==== Dataset section

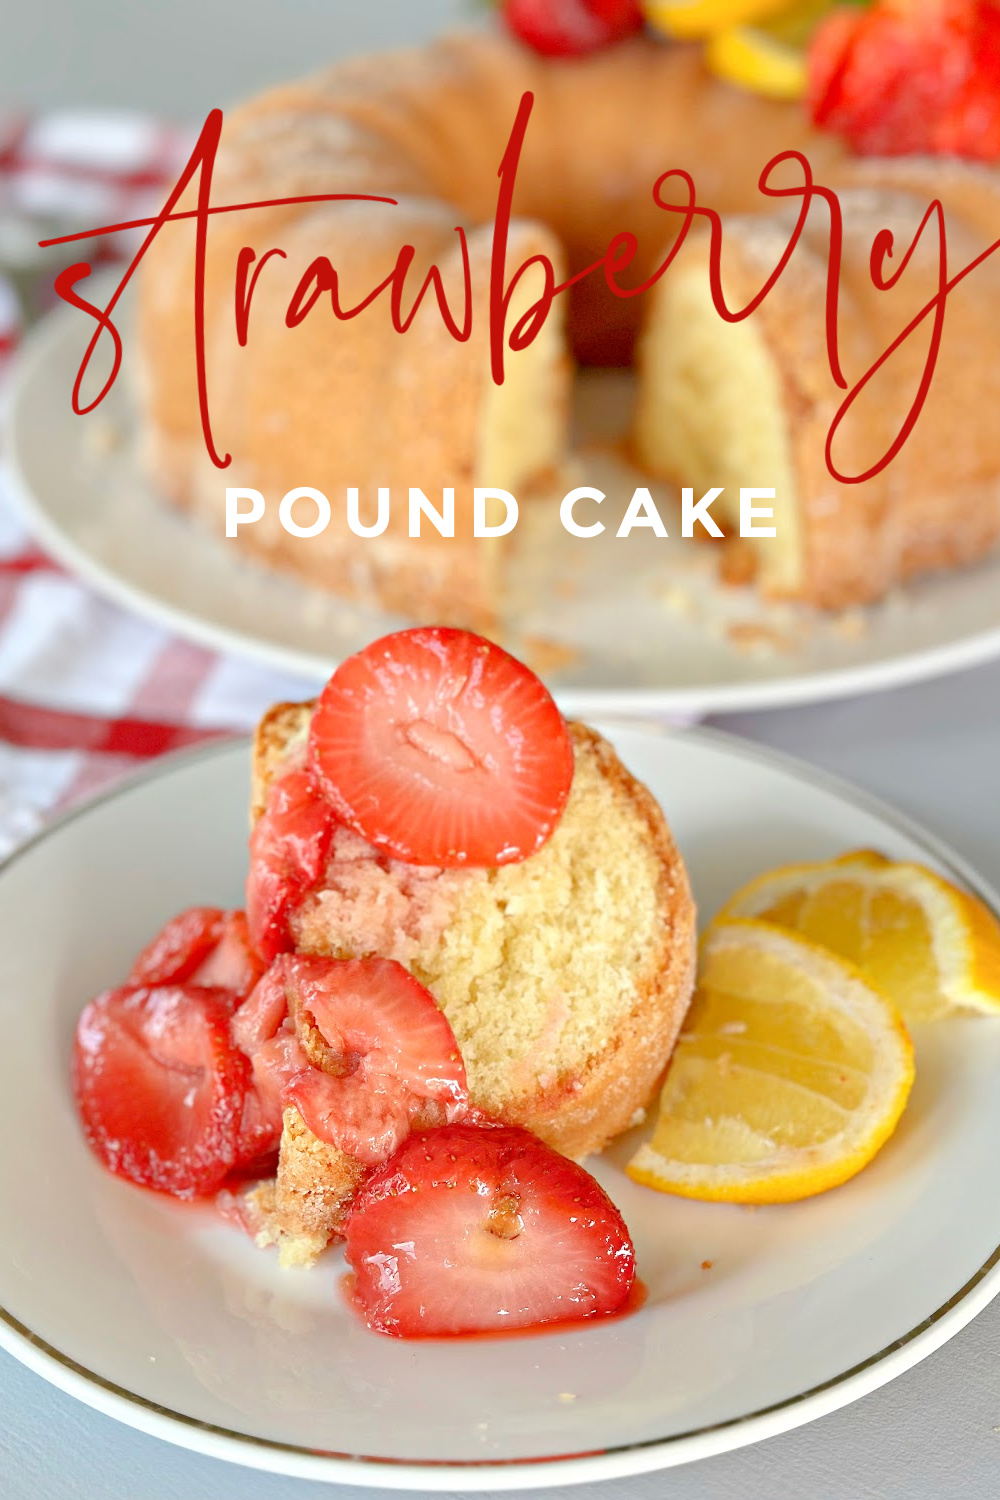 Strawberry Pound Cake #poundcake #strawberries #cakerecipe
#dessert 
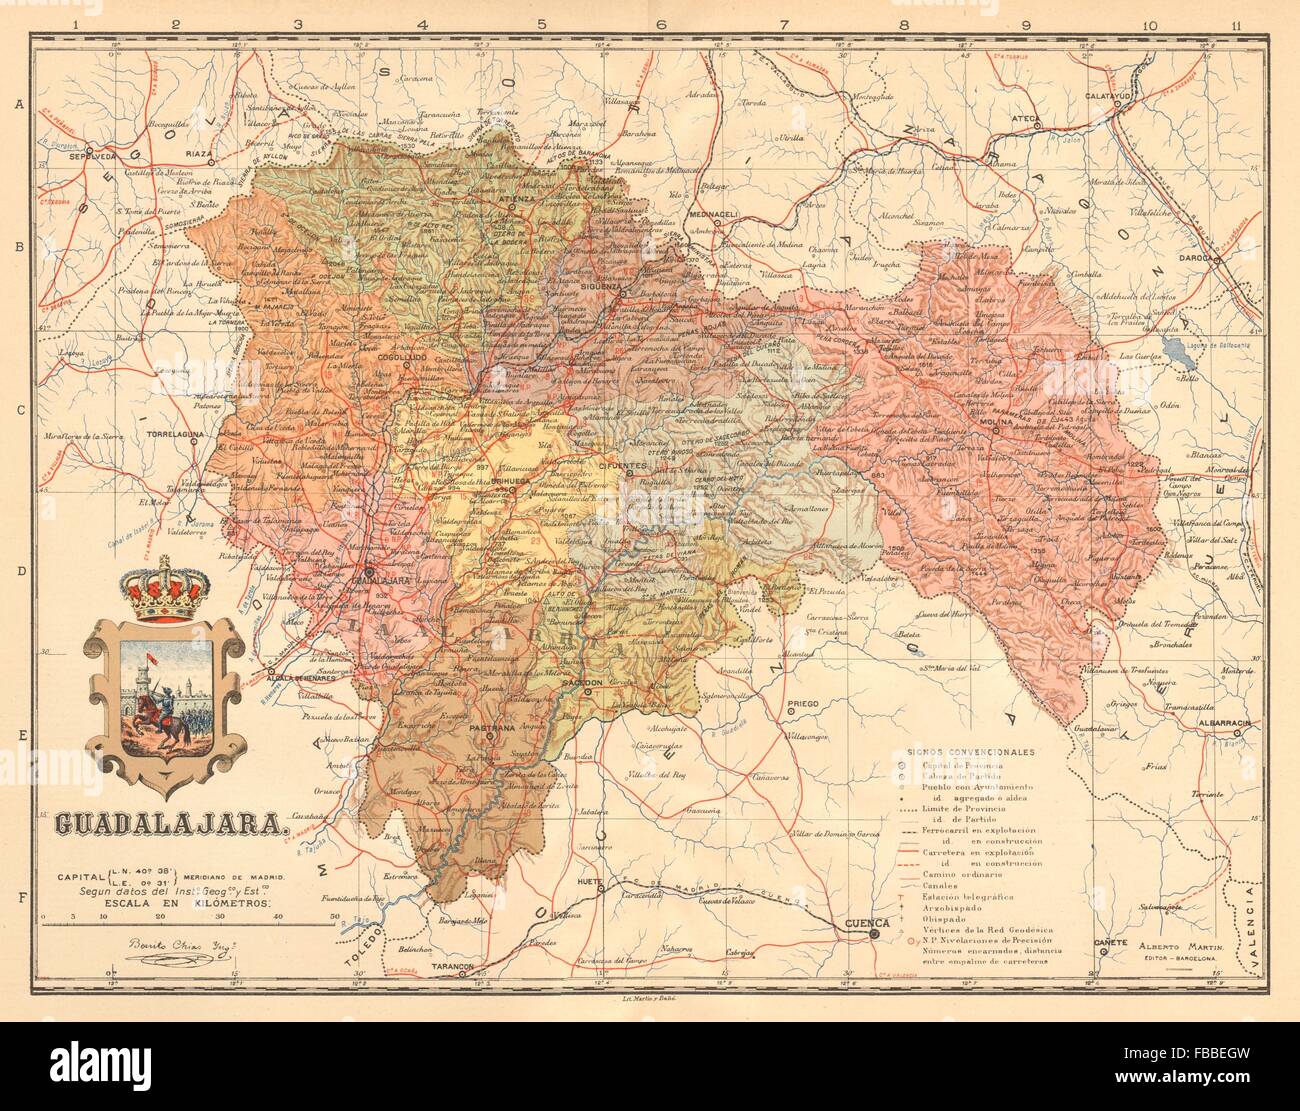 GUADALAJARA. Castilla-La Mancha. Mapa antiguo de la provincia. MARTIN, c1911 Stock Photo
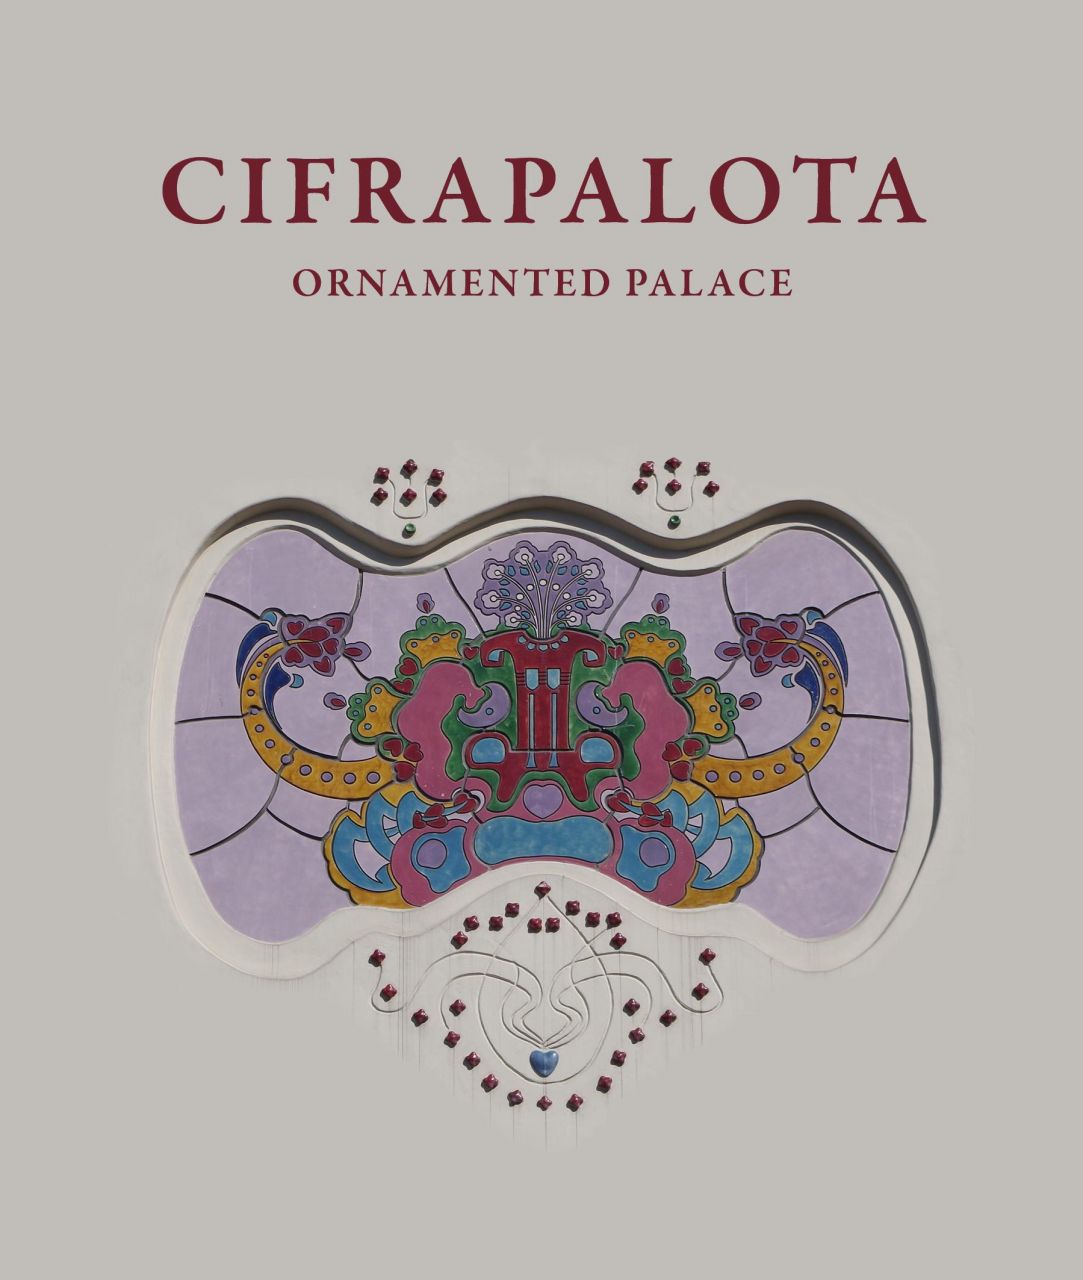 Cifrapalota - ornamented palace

========

Exercise: Transcribe the listing above verbatim. No picture belongs in the result.

Solution for this task:
 Strawberry Pound Cake #poundcake #strawberries #cakerecipe
#dessert 
 GUADALAJARA. Castilla-La Mancha. Mapa antiguo de la provincia. MARTIN, c1911 Stock Photo
 Cifrapalota - ornamented palace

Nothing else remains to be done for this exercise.